Items from a data source:
- Opening Delimiter -
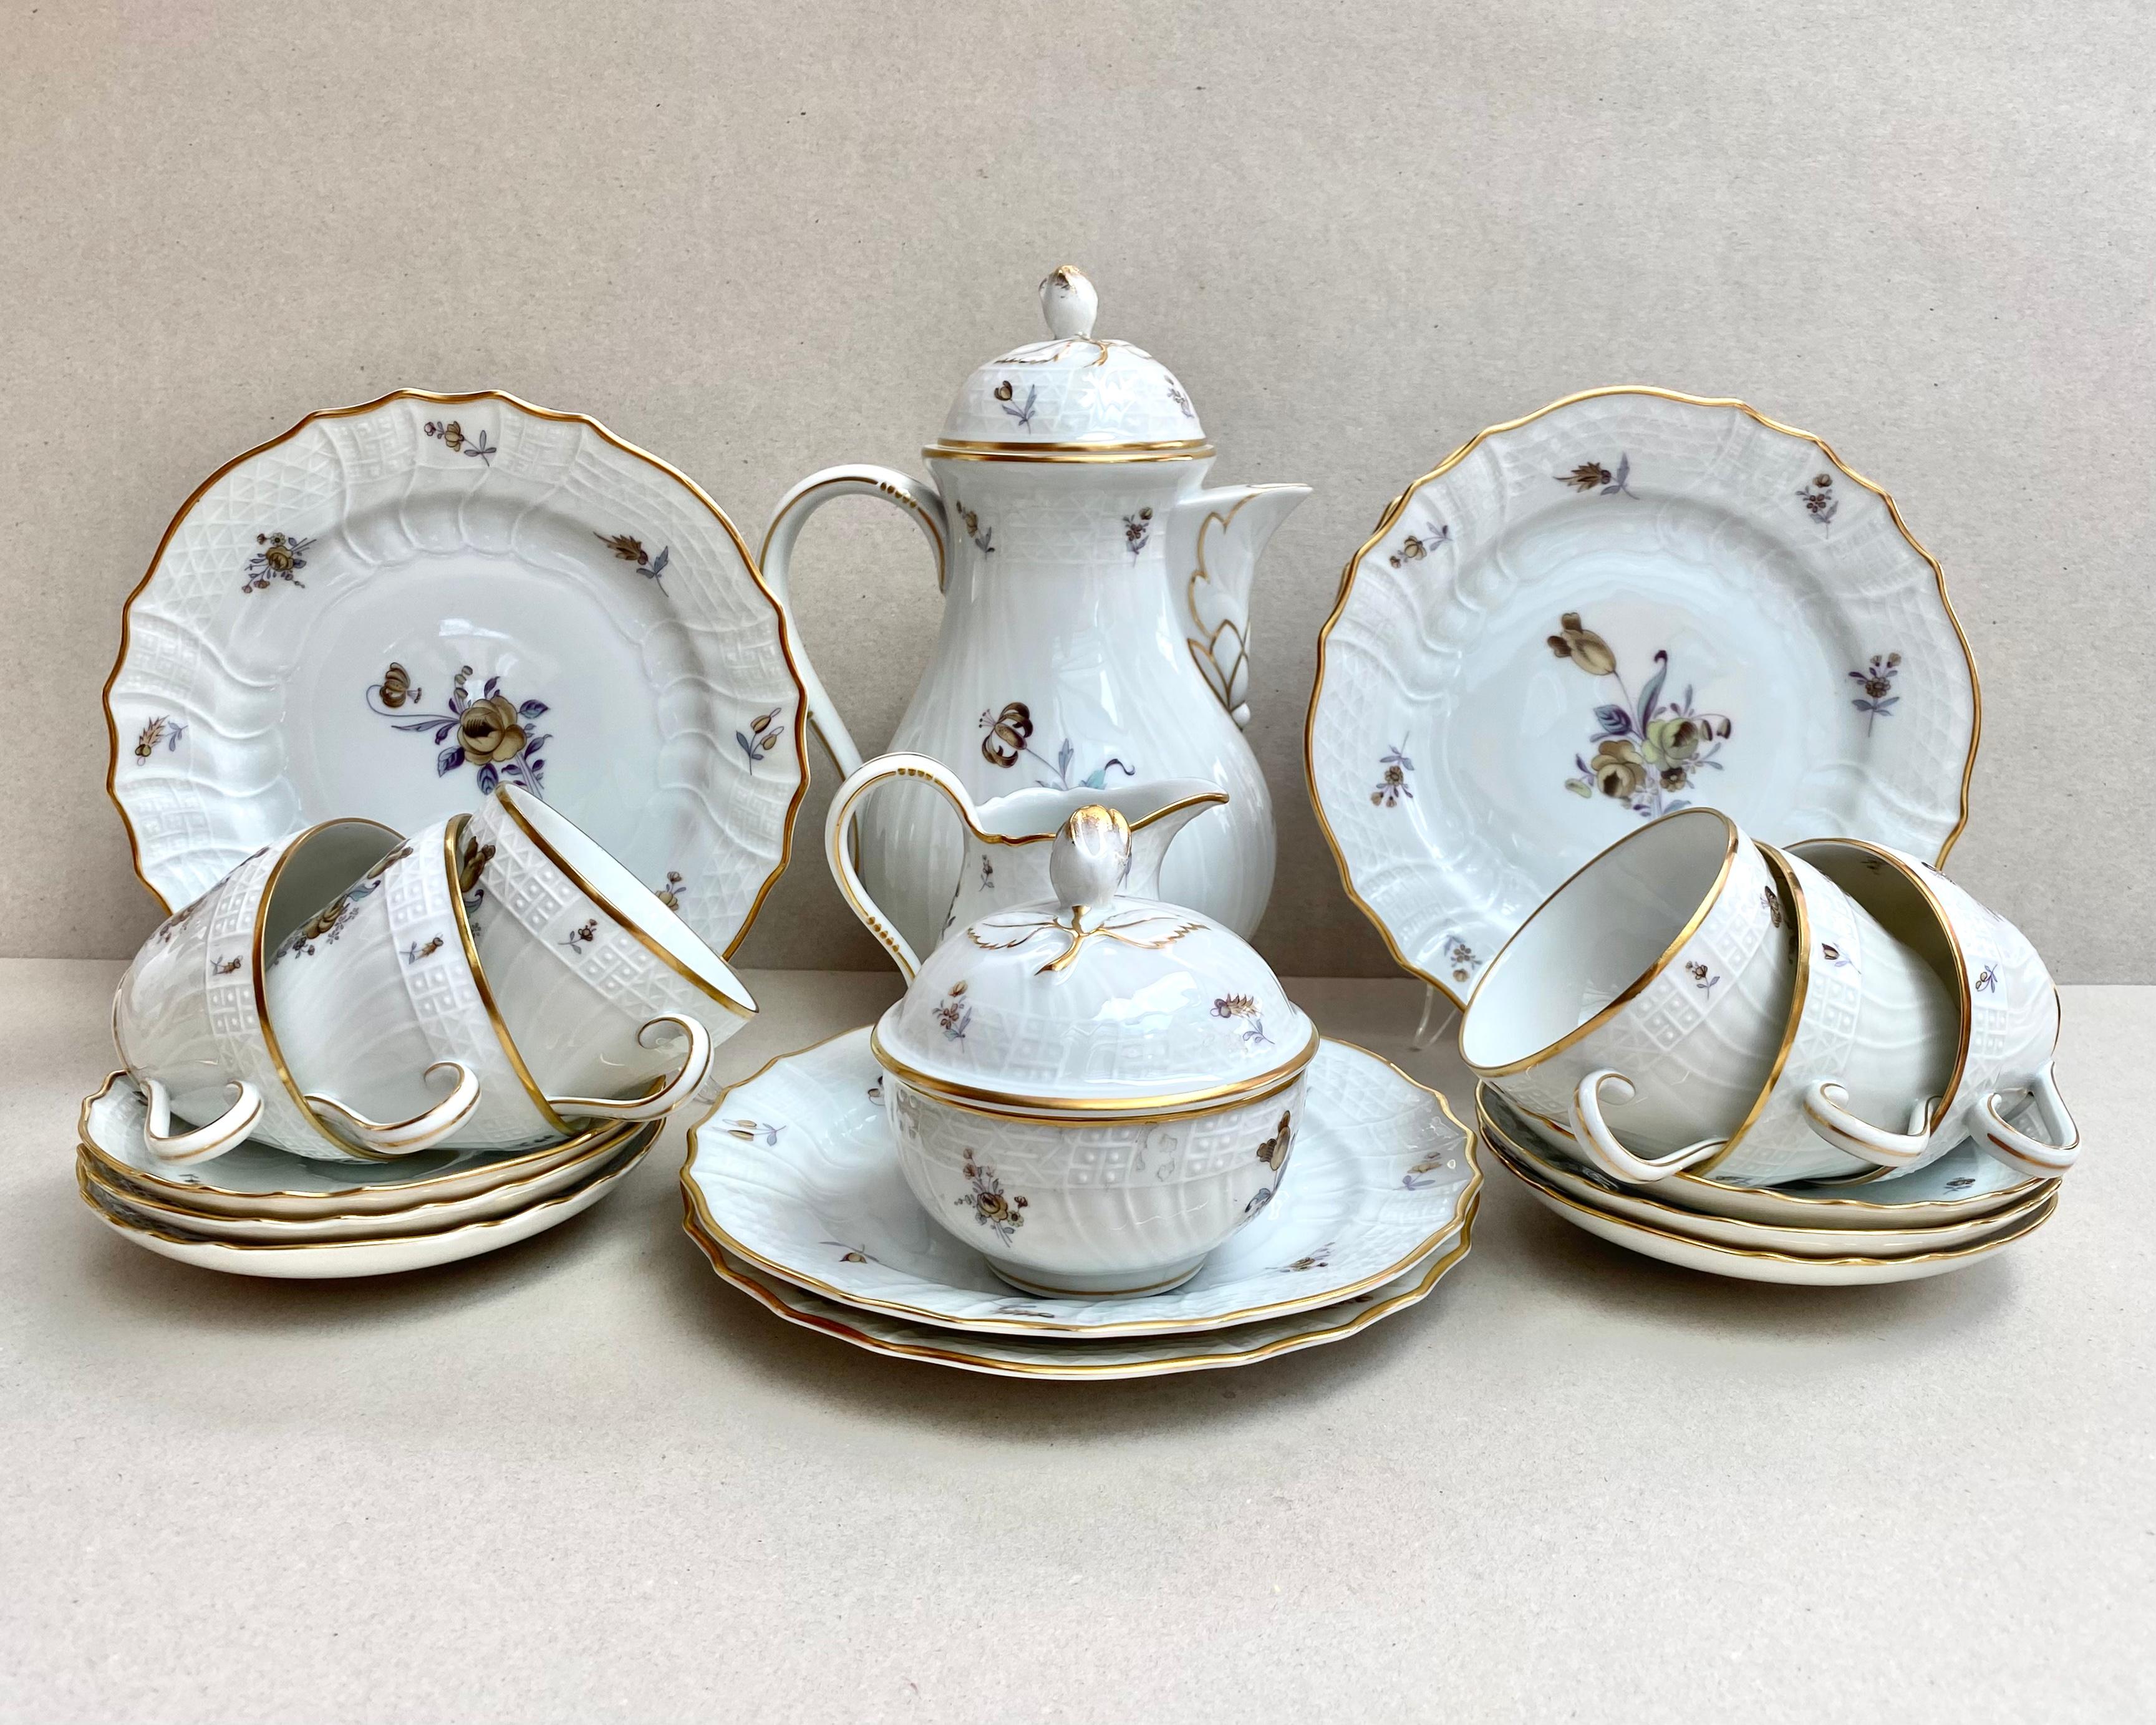 Magnificent bone china from the renowned oldest German manufactory Hutschenreuther Selb.

Collection “Dresden”. 

Stamp of the 1950s, number on each item. 

Unfortunately, neither photos nor videos convey its beauty. 

It is beautiful - noble
- Closing Delimiter -
= What is expected =
Return all records above verbatim without their pictures.

= Exercise solution =
 Magnificent bone china from the renowned oldest German manufactory Hutschenreuther Selb.

Collection “Dresden”. 

Stamp of the 1950s, number on each item. 

Unfortunately, neither photos nor videos convey its beauty. 

It is beautiful - noble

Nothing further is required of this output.